Пребывая в своих мыслях, я наступил на собачье дерьмо, и долго
оттирал подошву о валяющуюся на земле доску, а потом шаркая по луже
сомнительного происхождения и матерясь тихонечко.
- Как-то оно всё... в тон - одно к одному, - подытожил я,
продолжив своё отнюдь не триумфальное возвращение домой.
При приближении к дому настроение испортилось ещё больше.
Квартира наша, которая считается четырёхкомнатной, находится на
первом этаже, а это по здешним временам, показатель низкого
статуса.
Чёрт его знает, почему в Российской Империи сложилась эта
система, но в доходных домах "чистая" публика может снимать
квартиры в одном доме с едва ли не оборванцами. В подвалах и
полуподвалах ютятся дворники и мелкие мастеровые, а на верхних
этажах (особенно если в доме есть лифт) могут жить генералы.
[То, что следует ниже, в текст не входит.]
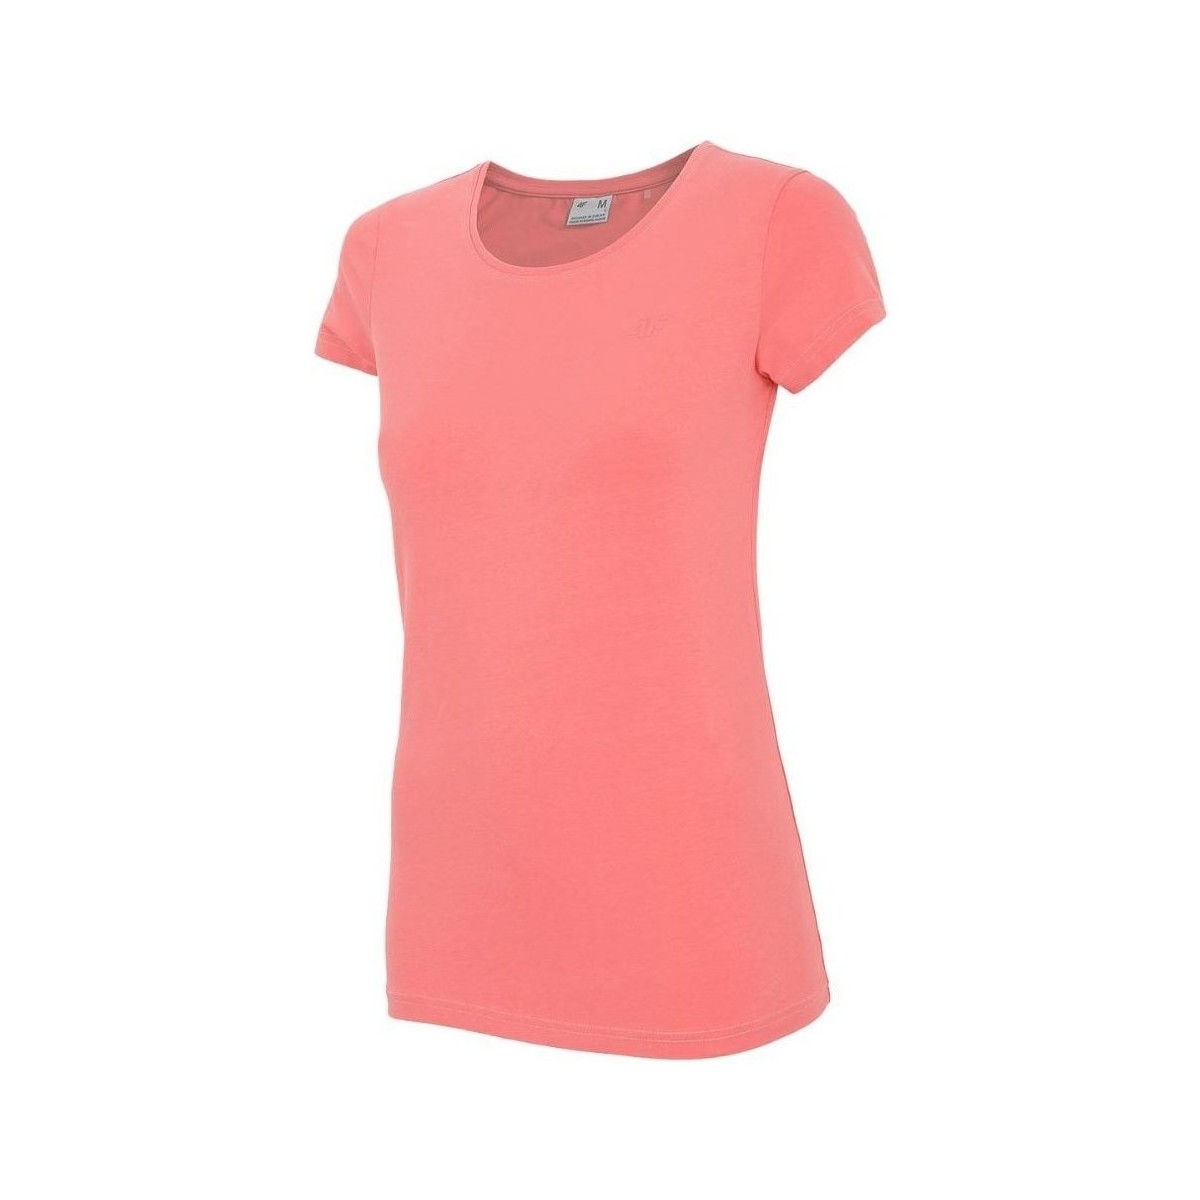 Vêtements Femme T-shirts manches courtes 4F TSD350 Rose

У нас хоть и первый этаж, но на грани приличий. Квартиры по
соседству снимают учителя из городских училищ, служащие купеческих
контор и тому подобная мещанско-разночинская публика. И мы, Пыжовы,
ведущие свой род из московских бояр!
Ох, как это бесит папеньку... и раздражало меня. Раньше. Сейчас,
впрочем, раздражает не меньше, просто иначе. Из собственной
квартиры площадью в полтораста метров, да в престижном районе... и
сюда?! Не вдохновляет, вот ни разу.
К слову, с наймом квартиры тоже не всё гладко. В чём дело, не
знаю, но папенька то ли по мелочи шантажирует домовладельца, имея
на него какой-то мелкий долгоиграющий компромат, то ли (что вернее
всего), оказывая тому какие-то услуги не вполне законного
характера.
Вот такая вот у нас семейка... Аристократия помойки,
натурально!

- Долгохонько ходите, Алексей Юрьевич, - встретила меня Фрося в
дверях, неодобрительно поджимая губы и даже не думая помогать, хотя
бы и формально. Возраст и внешность у неё самые невнятные, и вся
она какая-то оплывшая, сырая, неопрятная - притом, что внешнее
очень хорошо гармонирует с внутренней сутью.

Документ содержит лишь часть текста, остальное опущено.